__GOAL OF THE EXERCISE__
In the material below, find the line with "成分行政ほこりっぽい[KOSMEA] Hydrating Rosewater" and the line with "本体と付属品 YI 4Kアクションカメラ". Output exactly those two lines and all lines between them, leaving out pictures.

__DATA EXTRACT__
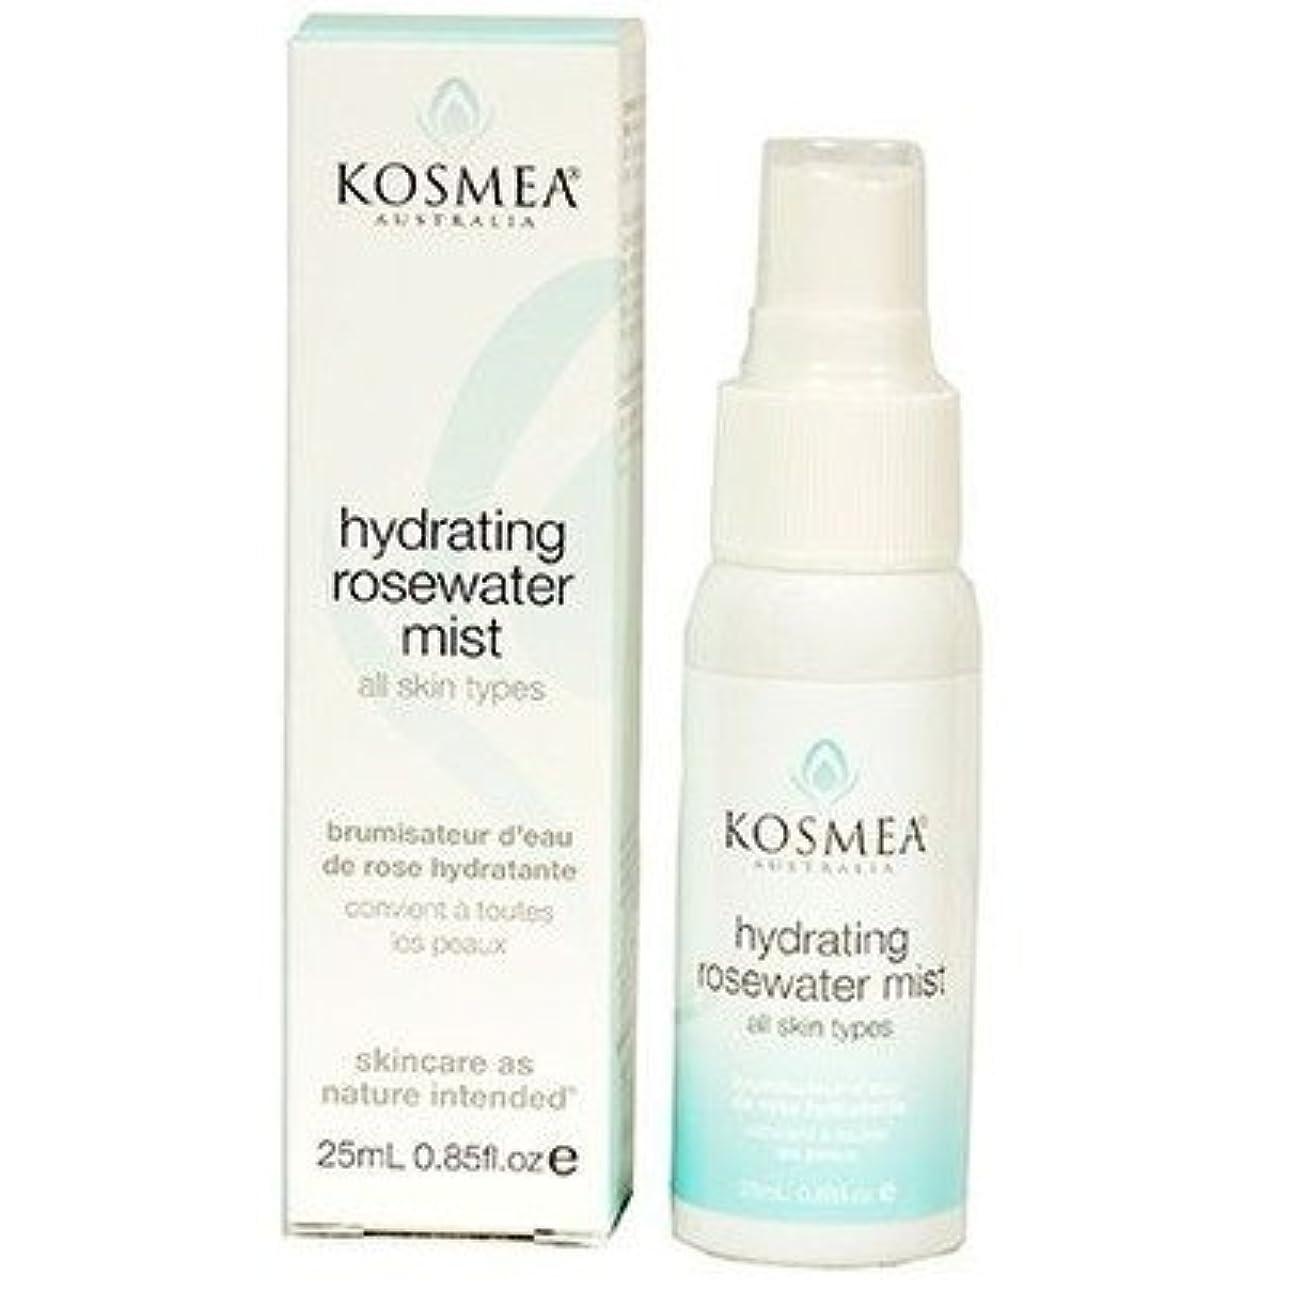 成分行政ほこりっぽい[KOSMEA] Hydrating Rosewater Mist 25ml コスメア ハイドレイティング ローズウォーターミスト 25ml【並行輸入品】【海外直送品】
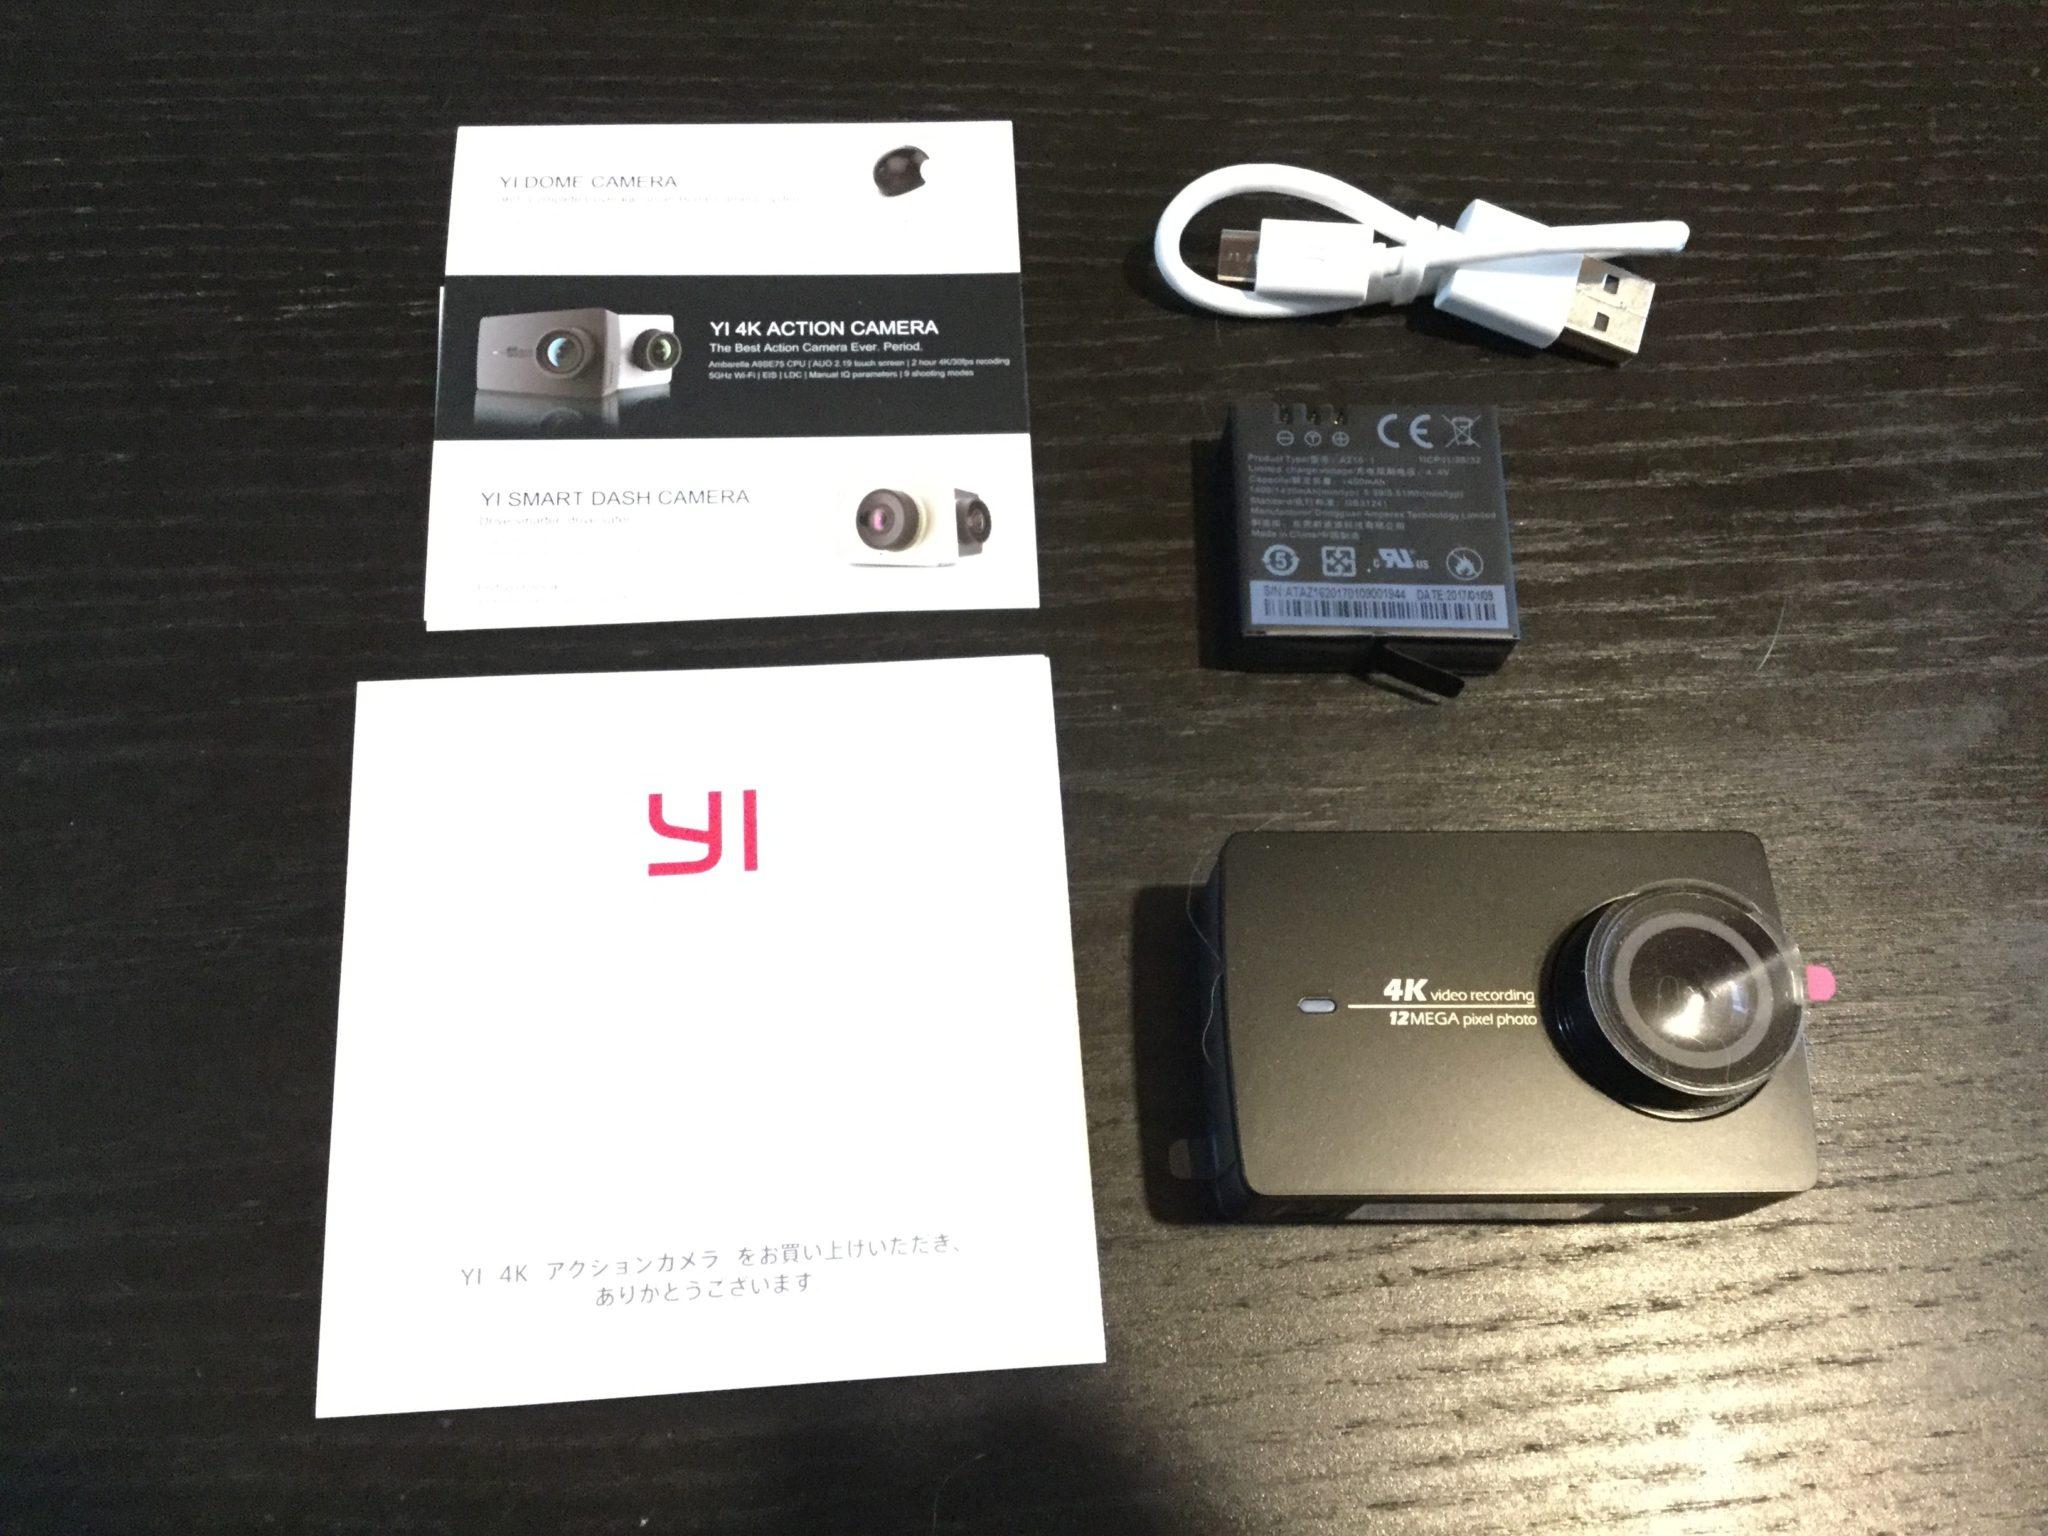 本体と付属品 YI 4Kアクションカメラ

...

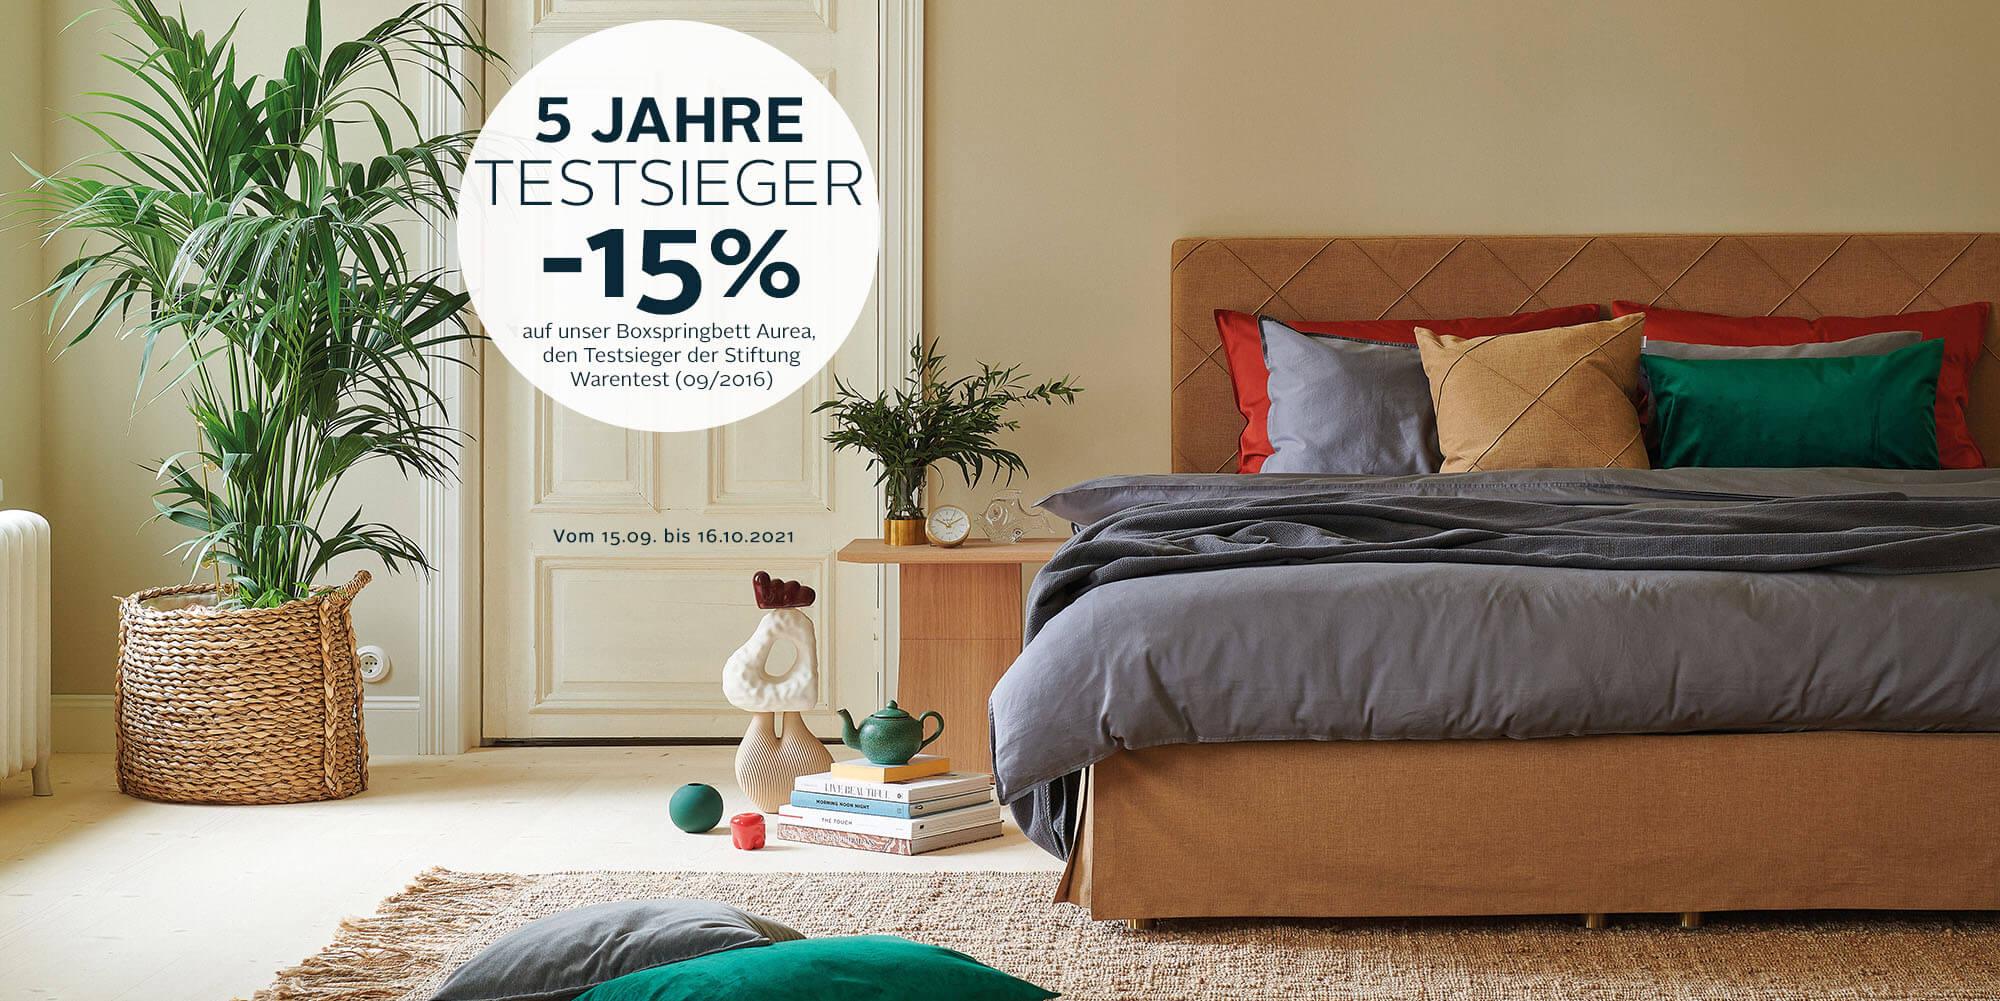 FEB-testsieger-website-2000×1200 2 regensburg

__SOLUTION__
 成分行政ほこりっぽい[KOSMEA] Hydrating Rosewater Mist 25ml コスメア ハイドレイティング ローズウォーターミスト 25ml【並行輸入品】【海外直送品】
 本体と付属品 YI 4Kアクションカメラ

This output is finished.